Fixed Cubic interpolation issue

There was an errant point at aNrm=0, just had to remove it.

HARK/ConsumptionSaving/ConsRiskyAssetModel.py

@@ -38,7 +38,6 @@
     ValueFuncCRRA,
 )
 from HARK.rewards import UtilityFuncCRRA
-from HARK.utilities import plot_funcs
 
 
 class IndShockRiskyAssetConsumerType(IndShockConsumerType):
@@ -84,7 +83,7 @@ def __init__(self, verbose=False, quiet=False, **kwds):
             solver = ConsIndShkRiskyAssetSolver  # risky share of 1
 
         self.solve_one_period = make_one_period_oo_solver(solver)
-        #self.solve_one_period = solve_one_period_ConsIndShockRiskyAsset
+        # self.solve_one_period = solve_one_period_ConsIndShockRiskyAsset
 
     def pre_solve(self):
         self.update_solution_terminal()
@@ -610,14 +609,13 @@ def calc_hNrm(S):
         # bNrm represents R*a, balances after asset return shocks but before income.
         # This just uses the highest risky return as a rough shifter for the aXtraGrid.
         if BoroCnstNat_iszero:
-            aNrmNow = aXtraGrid
             bNrmNow = np.insert(
                 RiskyMaxNext * aXtraGrid, 0, RiskyMinNext * aXtraGrid[0]
             )
         else:
-            # Add an asset and bank balances point at exactly zero
-            aNrmNow = np.insert(aXtraGrid, 0, 0.0)

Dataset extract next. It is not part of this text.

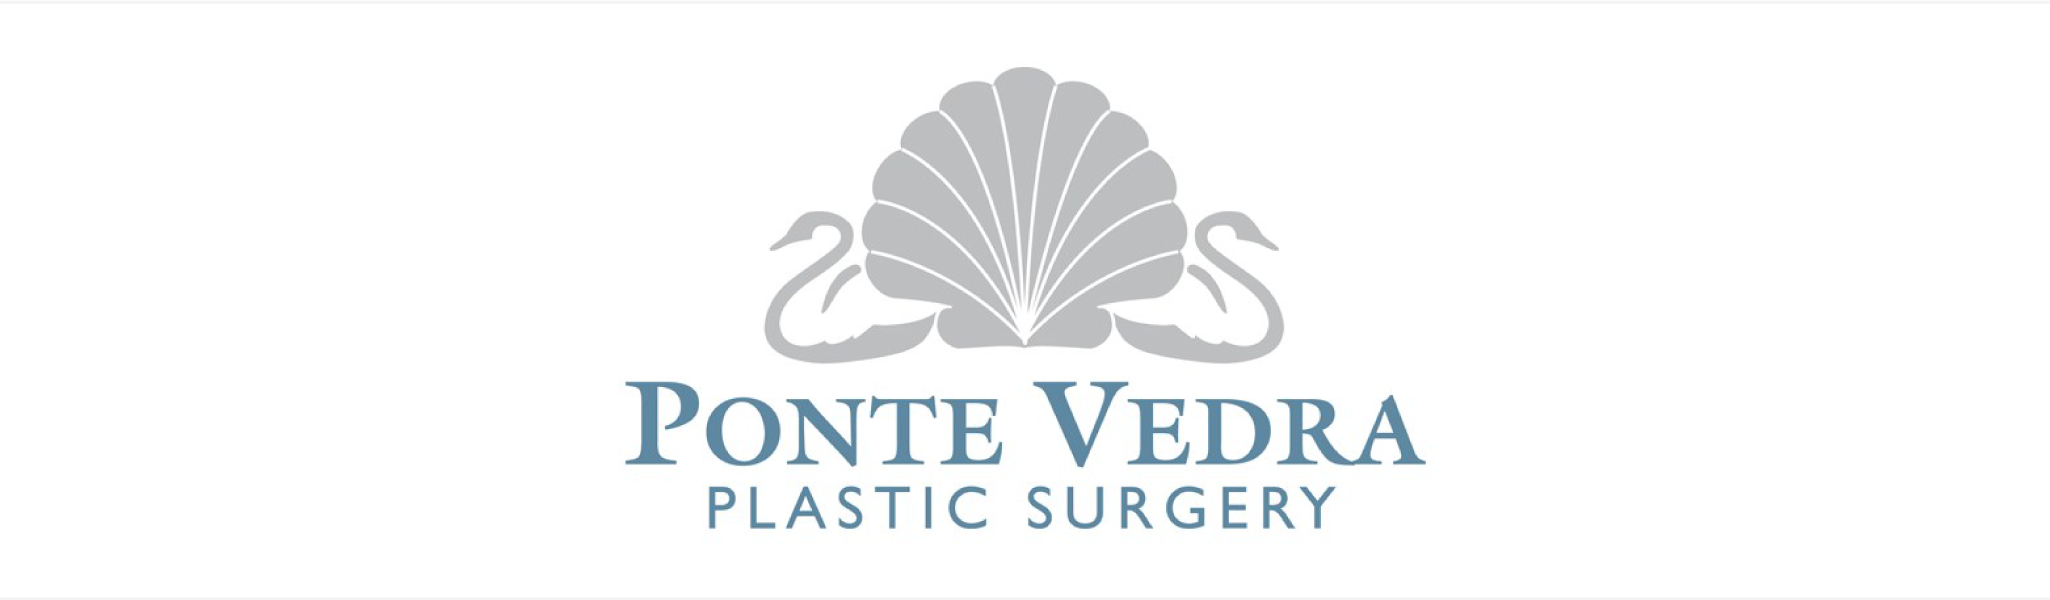 How Ponte Vedra Plastic Surgery Slashed Lead Conversion Times

+            # Add a bank balances point at exactly zero
             bNrmNow = RiskyMaxNext * np.insert(aXtraGrid, 0, 0.0)
+        aNrmNow = aXtraGrid
 
         # Define local functions for taking future expectations when the interest
         # factor *is* independent from the income shock distribution. These go
@@ -666,7 +664,6 @@ def calc_vPPnext(S, b):
 
         # "Recurve" the intermediate pseudo-inverse marginal value function
         Intermed_vPfunc = MargValueFuncCRRA(Intermed_vPnvrsFunc, CRRA)

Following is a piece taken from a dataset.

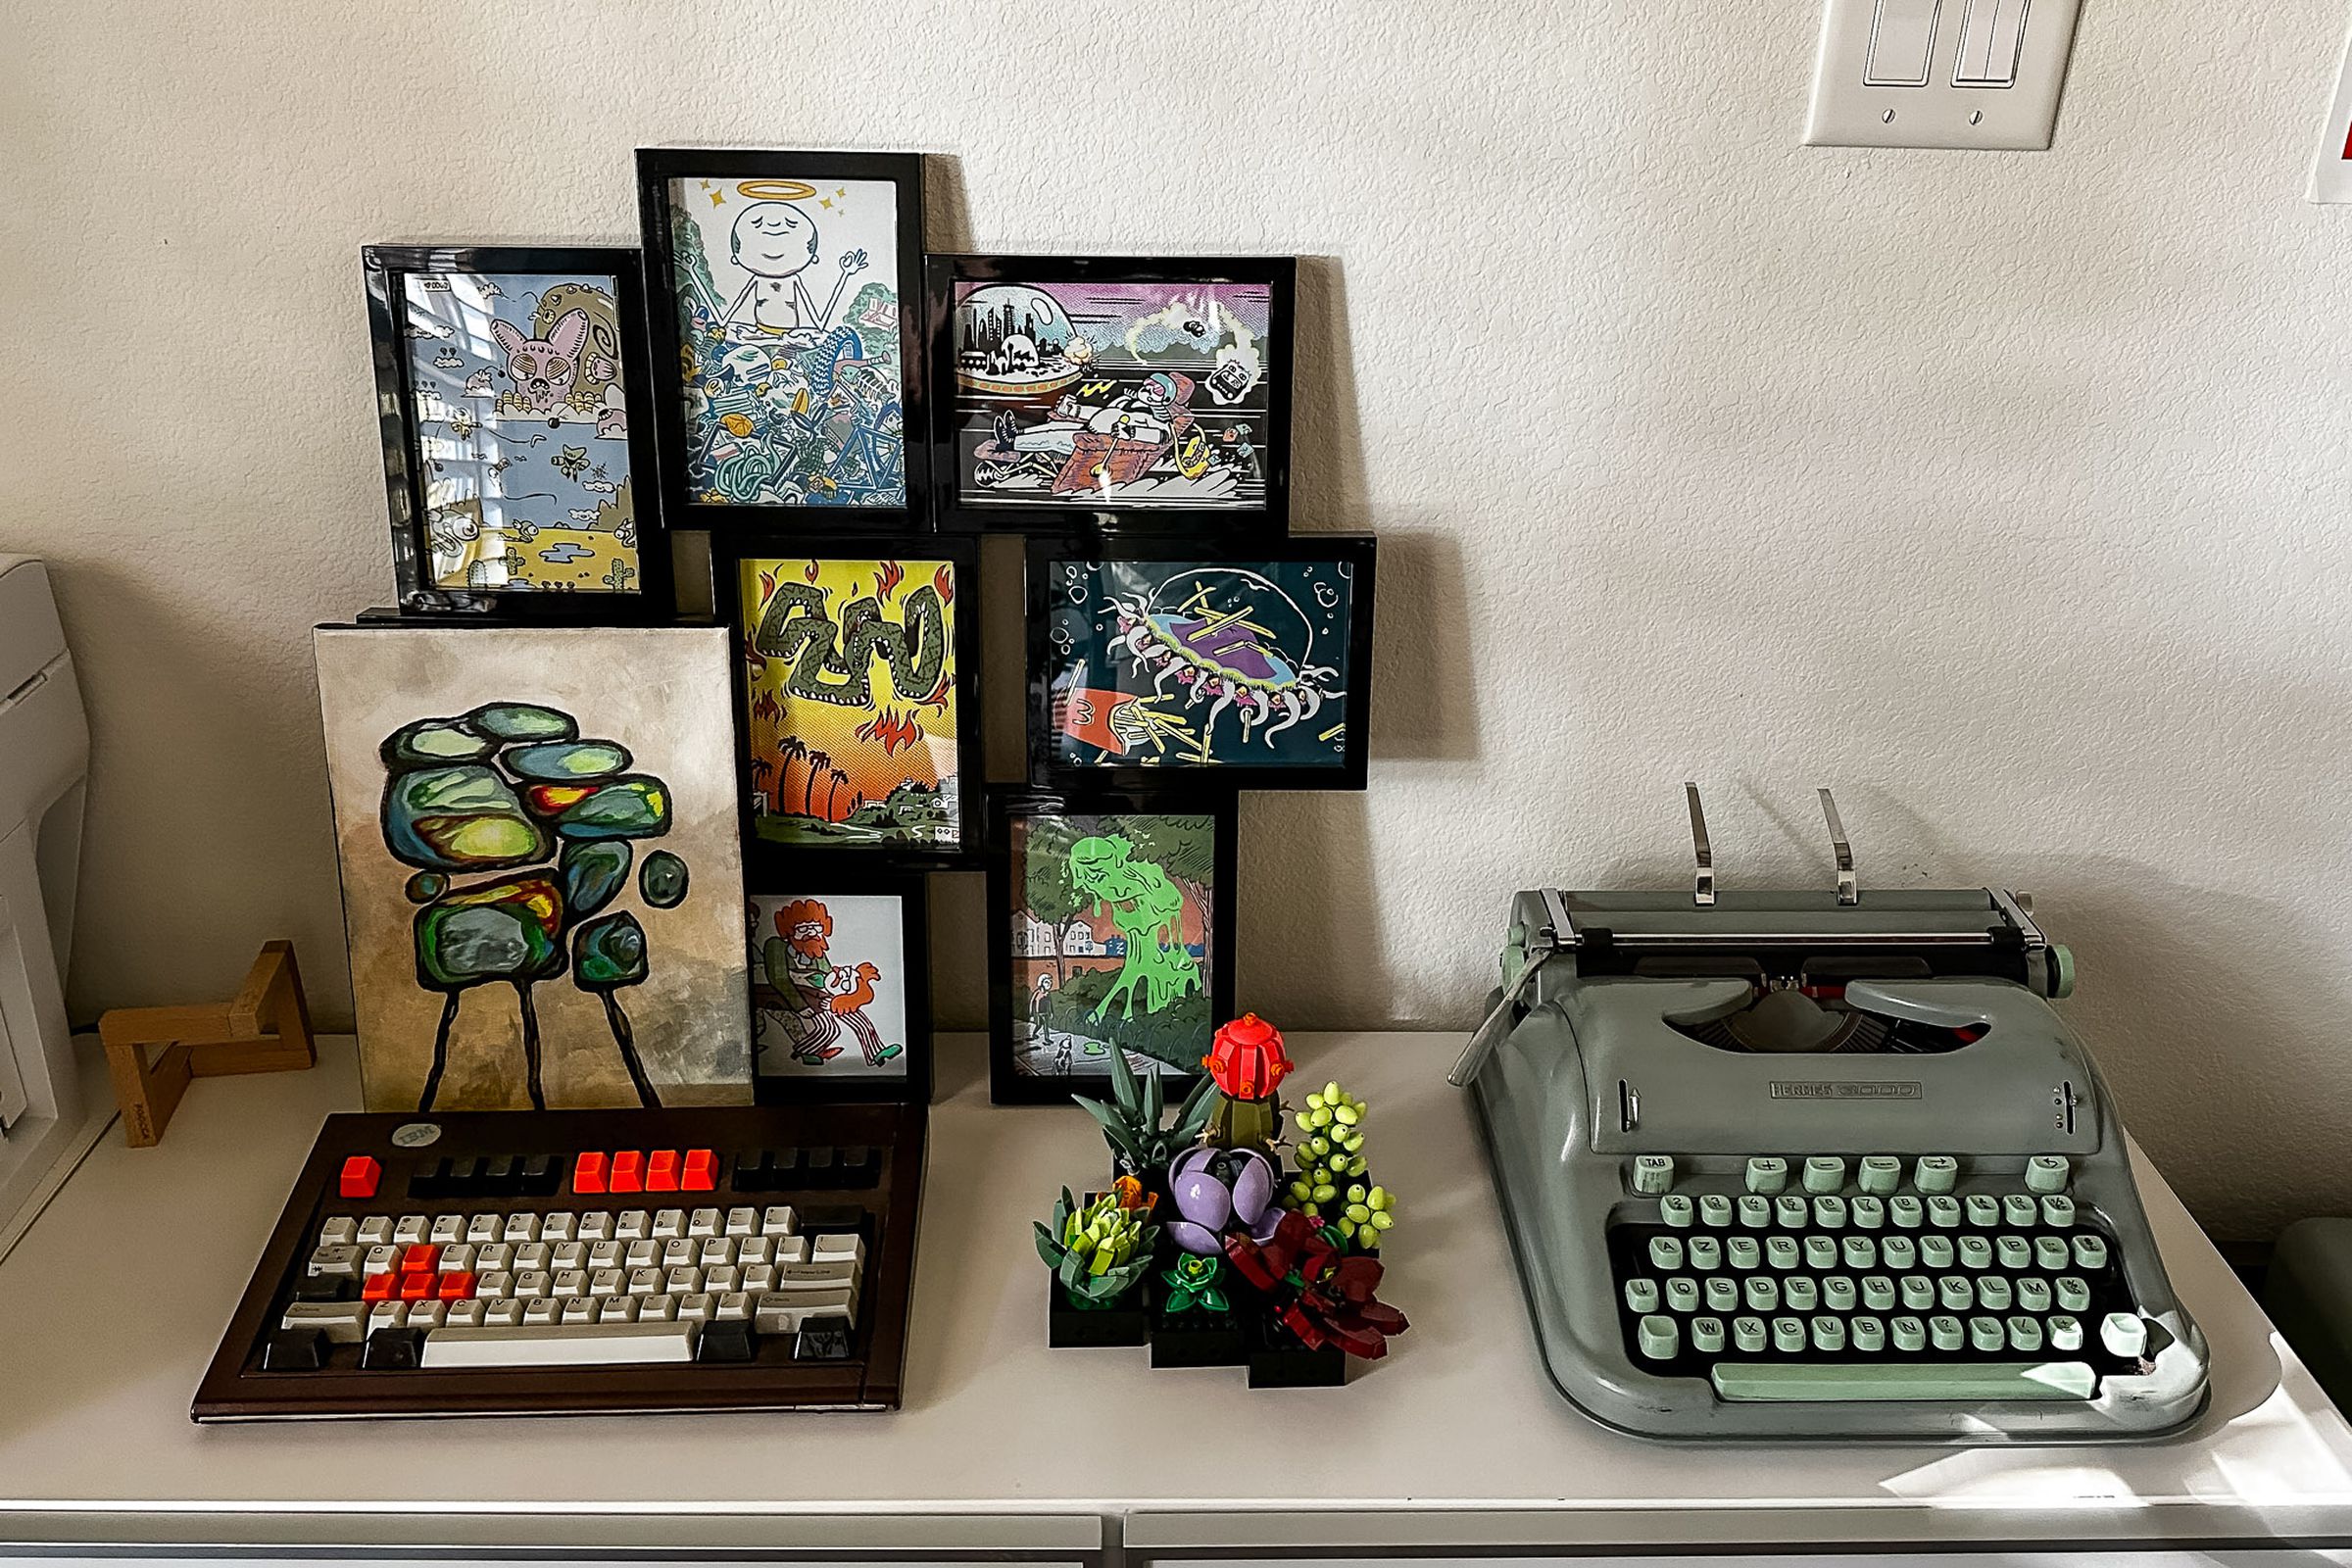 Table with art, a keyboard on the left, and a typewriter on the right.

-        plot_funcs(Intermed_vPfunc, 0., 20.)
 
         # If the value function is requested, calculate "intermediate" value
         if vFuncBool:
@@ -716,8 +713,6 @@ def calc_vPPnext(R, a):
             dcda = EndOfPrdvPP / uFunc.der(np.array(cNrmNow), order=2)
             MPC = dcda / (dcda + 1.0)
             MPC_for_interpolation = np.insert(MPC, 0, MPCmaxNow)
-
-        #print(MPC_for_interpolation)  # TODO: Figure out where the NaN in second element is coming from
 
         # Limiting consumption is zero as m approaches mNrmMin
         c_for_interpolation = np.insert(cNrmNow, 0, 0.0)